For more information, the data structure is an array that begins with the original points of the clustering, and then says which points/clusters are combined to form the next cluster. So it's kind of like a tree/pointer structure, but contained in one big array. The important part is that it's efficient to see what the two constituent clusters are of any super cluster, but it's not efficient to get the set of all points belonging to a cluster. So any reasonable algorithm has to work from the bottom up.

So let's say we're in the middle of the hierarchy someplace, and the precomputed hierarchy says that clusters A and B are merged to produce cluster C. We're going from the bottom up, so we already have computed the convex hulls of the points in clusters A and B, so we simply need to combine them to produce the convex hull of cluster C. Cluster A's convex hull could actually be a single point, a pair, or a full polygon. Same goes for cluster B. So there are several cases for how these should be merged to form the convex hull of cluster C, but I'd bet there's a clever solution that would probably treat singletons and pairs the same way as polygons.

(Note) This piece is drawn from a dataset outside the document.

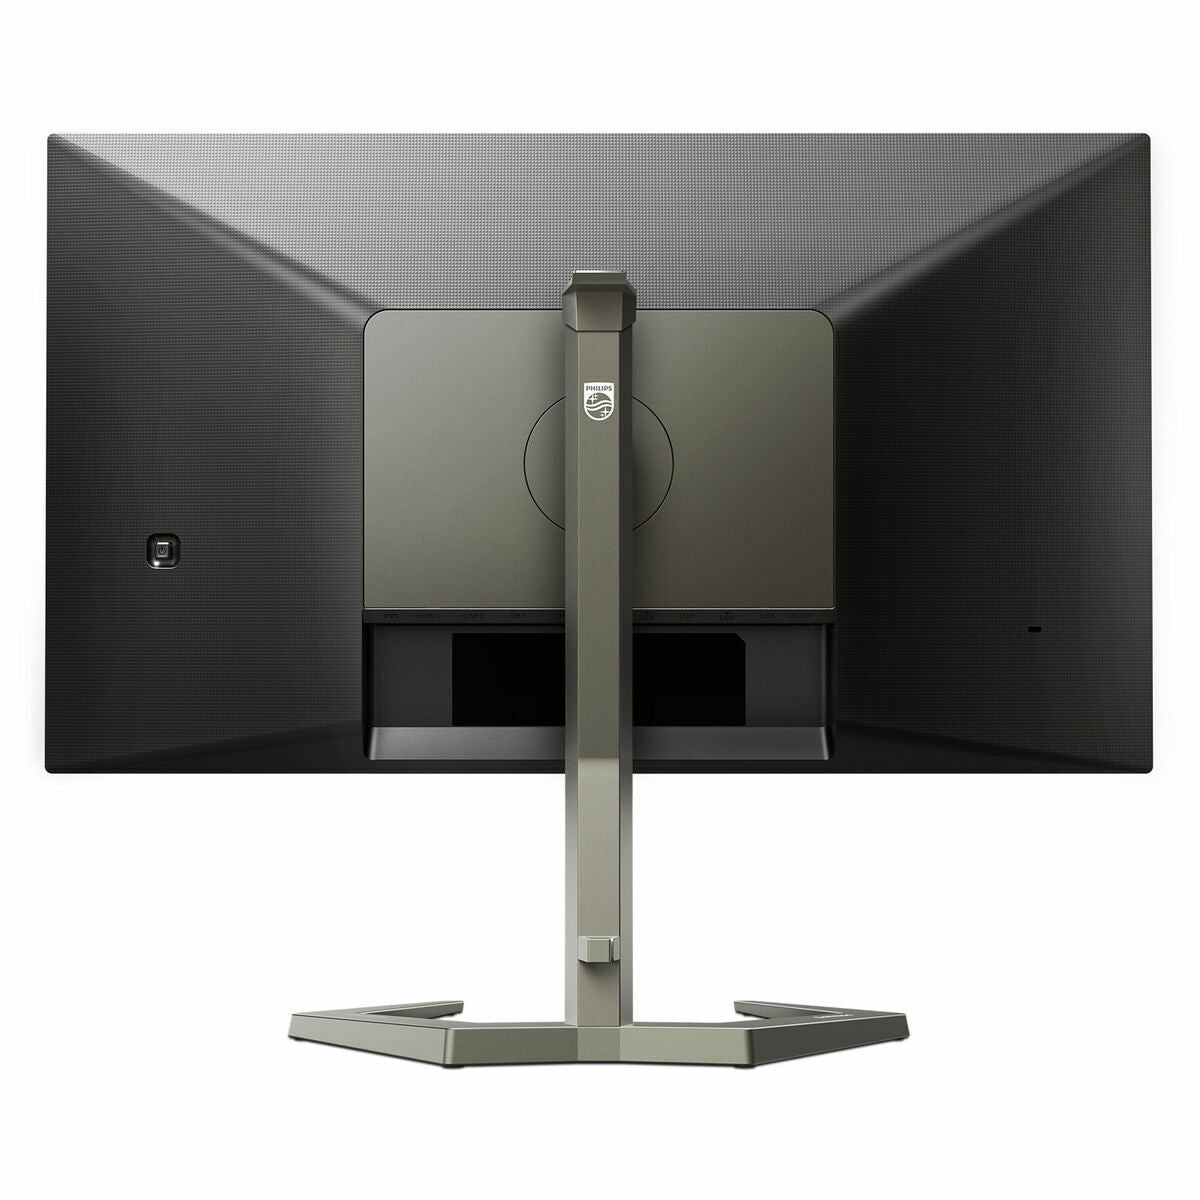 Monitor Philips 27M1F5500P/00 LED 27" Flicker free, Philips, Computing, monitor-philips-27m1f5500p-00-led-27-flicker-free, Brand_Philips, category-reference-2609, category-reference-2642, category-reference-2644, category-reference-t-19685, computers / peripherals, Condition_NEW, office, Price_600 - 700, Teleworking, RiotNook

The most obvious solution would be to calculate the convex hull with the combined set of points from the convex hulls of clusters A and B. But I need to do this on a hierarchy of 100k points, so I'm wondering if there's a more efficient way to combine the convex hulls of A and B.

Edit 2:

         /----5
    1---/    / \
   / \      / B 8
  2 A 3  C 6   /
   \ /      \ /
    4--------7

Okay, so I attempted to ASCII out an illustration of what I mean. The convex hull of cluster A is 1-2-3-4, the convex hull of B is 5-6-7-8, and the convex hull of C is 1-2-4-7-8-5. Presumably, clusters A and B contain additional points inside of their hulls, but these clearly cannot possible become part of the hull of C, so the problem is an algorithm that determines where to "splice" the hulls of clusters A and B to form the hull of C, based on the coordinates of the points. This is the inductive step of the whole process. (Eventually C will be combined with cluster D and so on, until the algorithm ends with the topmost cluster, which will have as its convex hull the convex hull of all points).


Solution

  • There are at least two convex hull merge algorithms that I'm aware of -- rotating calipers of Toussaint (section 5 of the paper) and the bridging algorithm of Preparata and Hong (see section 3 of the paper). Both of these algorithms take time linear in h = h1 + h2, where h1 and h2 are the number of hull vertices in the first and second convex hulls respectively.